To further analyze the quality of the obtained CAGE data, the individual samples were clustered together using hierarchical clustering based on their genome-wide expression profile at each base pair. For each condition the replicates cluster together (Figure 2A), showing the high reproducibility of the data. This clustering also shows that the two respiratory conditions (respiratory glucose metabolism using glucose limitation, gluconeogenic respiration using ethanol limitation) are more similar to each other than to the two fermentative conditions, as one would expect. In addition, the correlations between the biological replicates were calculated and with a minimum Pearson correlation coefficient of 0.9 the replicates are in high agreement with each other (Figure 2A).
Subsequently the expression values per gene promoter region obtained from CAGE was compared with gene expression values obtained from a control RNAseq experiment in the same chemostat conditions (Figure 2B). For genes with multiple assigned CAGE clusters, the expression values for all clusters were summed up prior to the comparison. The results show a strong correlation with a Pearson Correlation Coefficient of 0.82 between the RNAseq and the CAGE expression values, further demonstrating the high quality of our CAGE data.
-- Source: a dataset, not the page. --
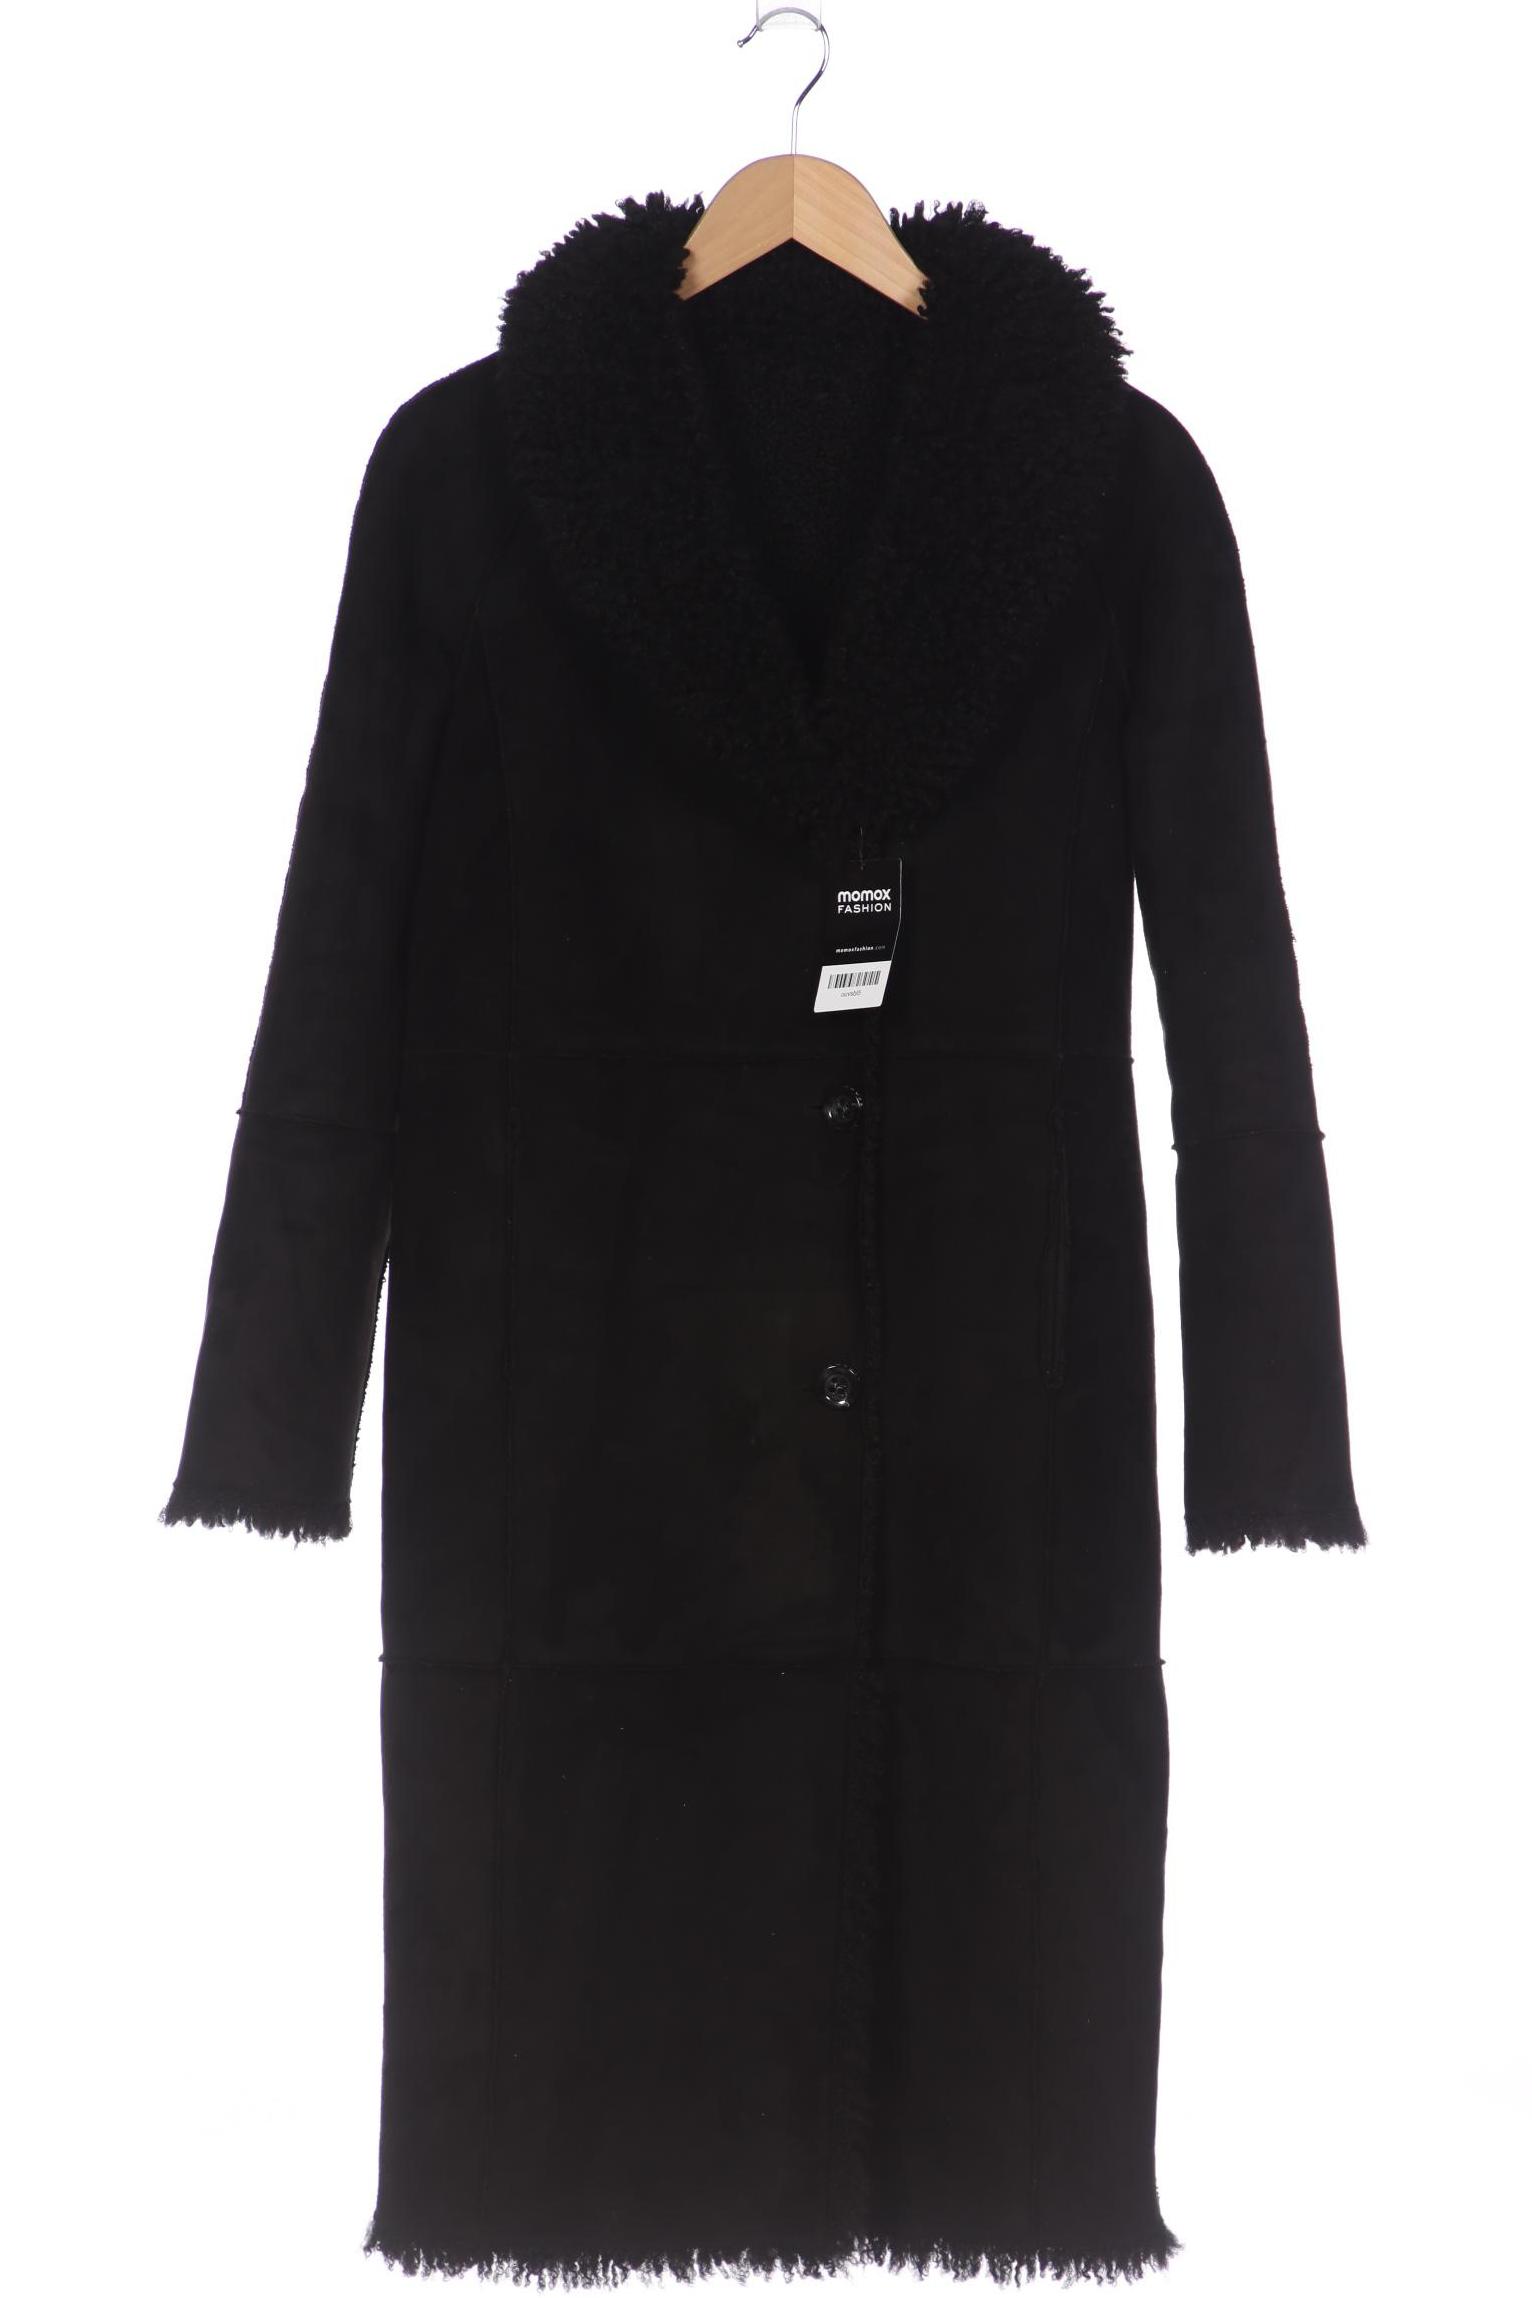 Beaumont Damen Mantel, schwarz von Beaumont

The yeast TSS landscape shows stability across metabolic conditions in a variety of characteristics
To assess if and how much the TSS landscape changes between the four different conditions used in our study, a baseline of how much gene expression levels change between the conditions had to be calculated. For this we used the RNAseq dataset and determined differentially expressed genes using DEseq2 (Love, Huber and Anders 2014) for each pairwise condition comparison, resulting in 6 comparisons. The results for this analysis are shown in Figure 2C, where for each of the 5107 genes in our CAGE dataset, we counted in how many of the 6 pairwise comparison this gene was detected as differentially expressed based on an adjusted pValue threshold of 0.001. Only 0.9% of all genes were differentially expressed in all 6 comparison, meaning that those 46 genes showed completely different expression levels in all four condition. Furthermore, less than 40% of all genes were not changed between the four conditions. However, this means that more than 60% of the genes were differentially expressed in at least one comparison, and this demonstrates that the four condition chosen in our study led to very diverse gene expression patterns and were therefore suitable to assess changes in the TSS landscape.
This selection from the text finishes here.